You're trying to enforce a policy without much introspection or feedback on why that policy is useful. That's your problem, not the employees' actions.
@mary57 What i find so funny about this is if the only way they know whether you were at the office was because of a badge swipe proves your job doesn't need to be done at the office.
@mary57 Mine does it from WiFi access logs, so they have a pretty good idea of when you're in and when you're out. That said, WFH is a firmly entrenched policy at this point, so afaik the data is only used to get an accurate measure of office utilisation for capacity planning etc.
Amazon tracks badge in and out, and knows exactly how long you've been there. Most of my coworkers were showing up around 11:45 and leaving around 12:30 after getting lunch together. The smart ones would swing by again after traffic to get a second badge so at least it looked like they were onsite all day.
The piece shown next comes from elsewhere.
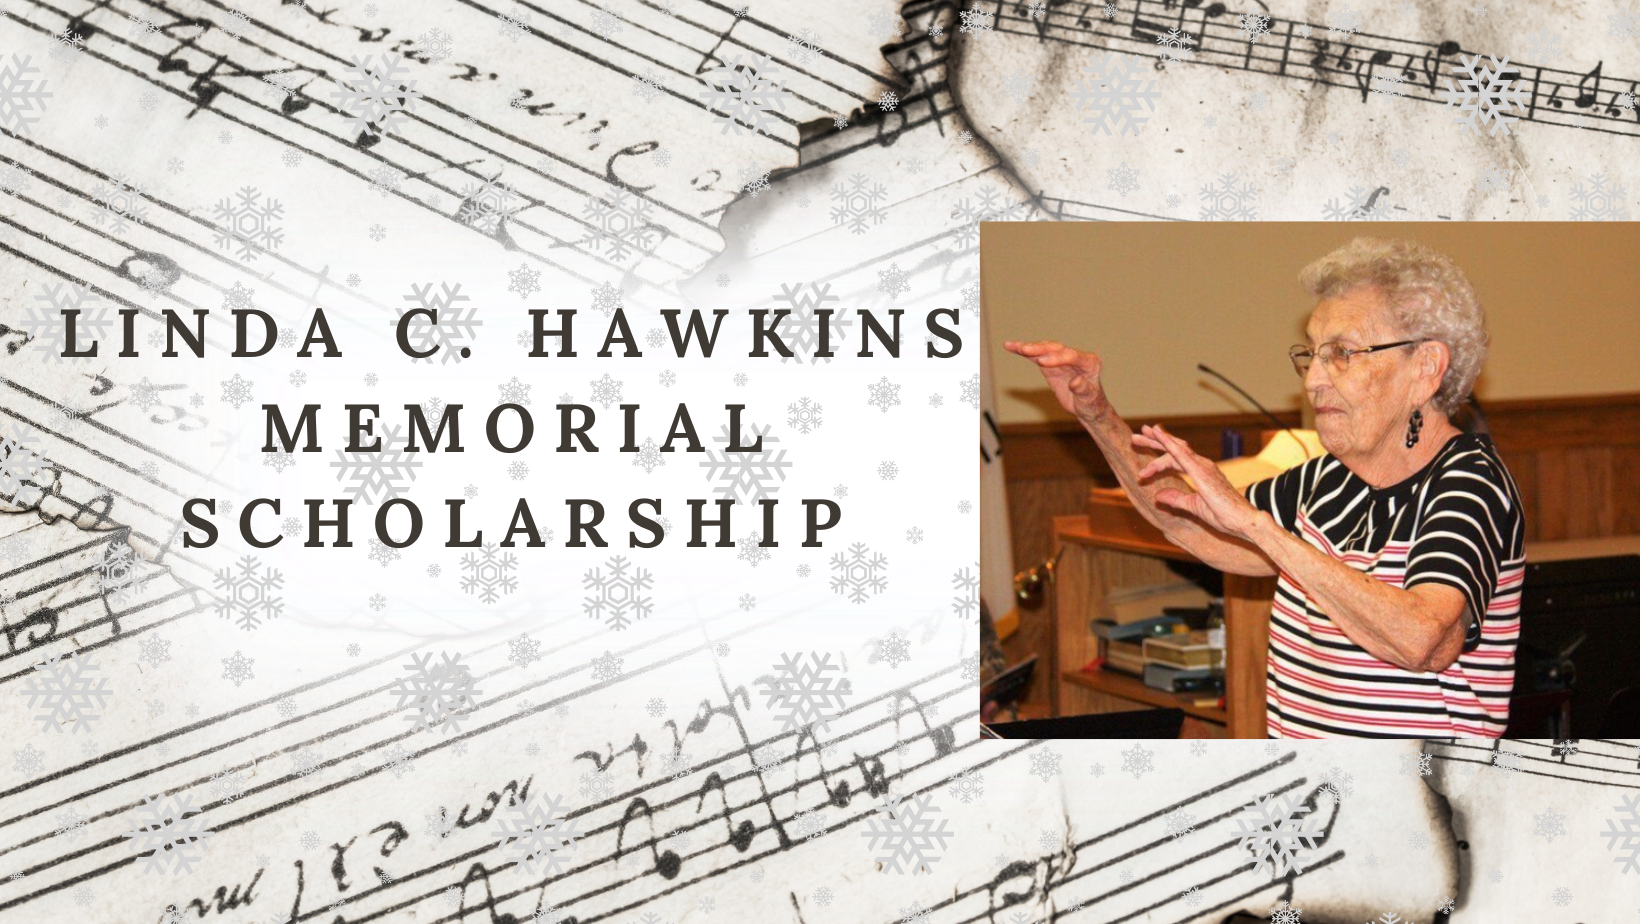 The Linda C. Hawkins Memorial Scholarship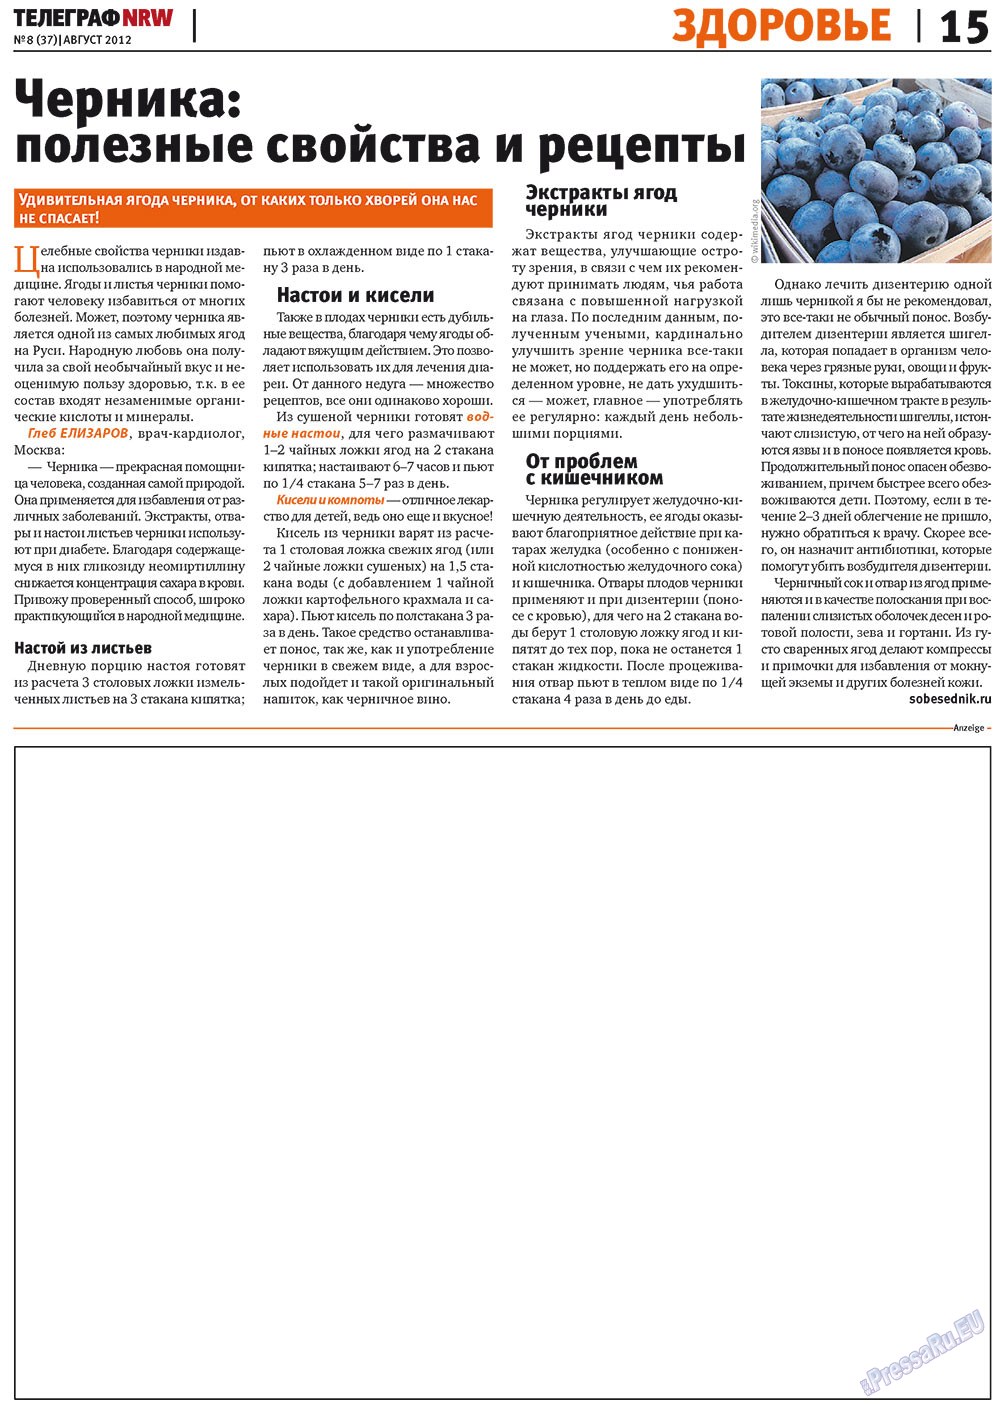 Телеграф NRW (газета). 2012 год, номер 8, стр. 15

As far as I know they aren't enforcing hours in the office just yet.
@aguest000 So what happens if a near totality of their employees are snubbing the requirement? Are they going to fire their entire workforce? At some point, businesses that keep trying to push this horseshit are going to have it backfire spectacularly.
@dinosaursareawsome I don’t think there will be a big “strike” scenario. More realistic is that these types of companies will bleed their best and brightest (and the employees they invested heaviest into to develop) until their business becomes so impacted that it ruins the business or the managers change their policy.
@aguest000 RTW enforcement is getting to be right up there with "family culture" as a massive red flag. Really makes it clear which companies have effective management.